Once the line with "Крадене зерно тепер" is found in the data, output it and each following line exactly, up to and including the line with "Adrien Vautier /", and nothing before or after.
==== Supplied material
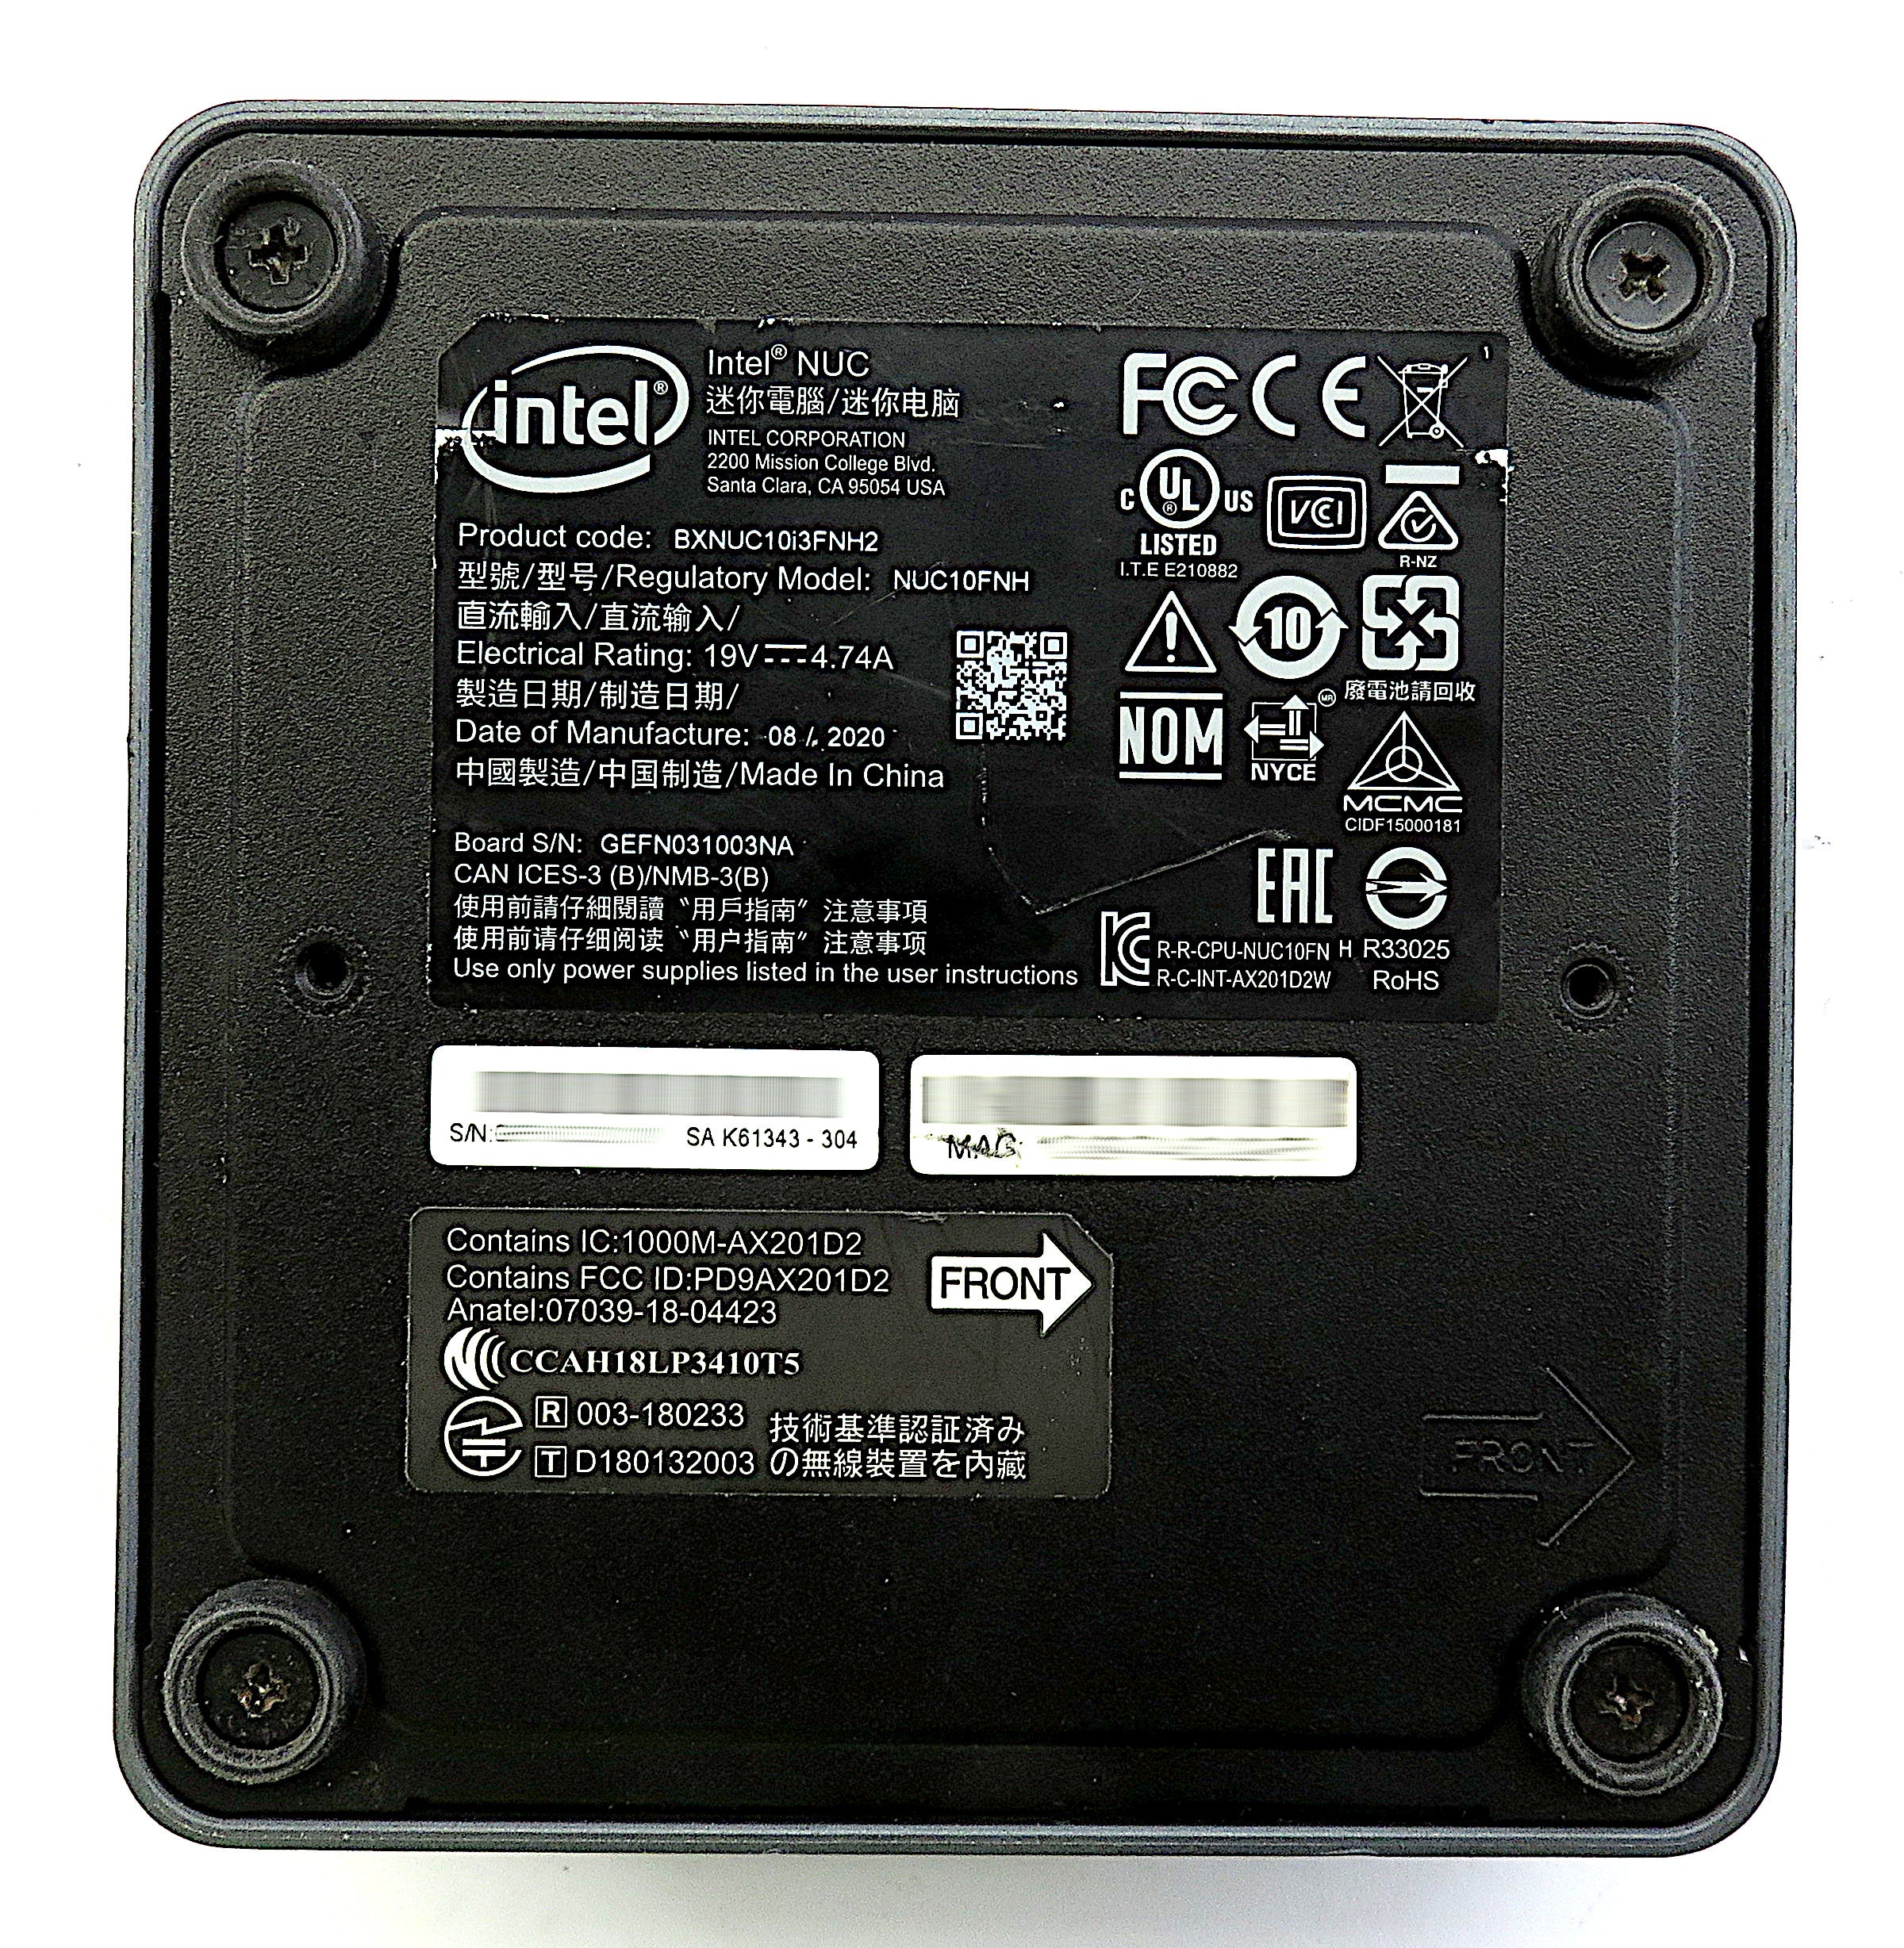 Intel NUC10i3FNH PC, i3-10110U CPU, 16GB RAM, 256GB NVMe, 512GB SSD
========
==== Supplied material
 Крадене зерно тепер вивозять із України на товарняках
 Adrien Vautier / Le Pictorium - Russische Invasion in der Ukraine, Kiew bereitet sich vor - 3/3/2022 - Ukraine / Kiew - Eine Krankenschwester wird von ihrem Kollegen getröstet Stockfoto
========
> [Output for this task]
 Крадене зерно тепер вивозять із України на товарняках
 Adrien Vautier / Le Pictorium - Russische Invasion in der Ukraine, Kiew bereitet sich vor - 3/3/2022 - Ukraine / Kiew - Eine Krankenschwester wird von ihrem Kollegen getröstet Stockfoto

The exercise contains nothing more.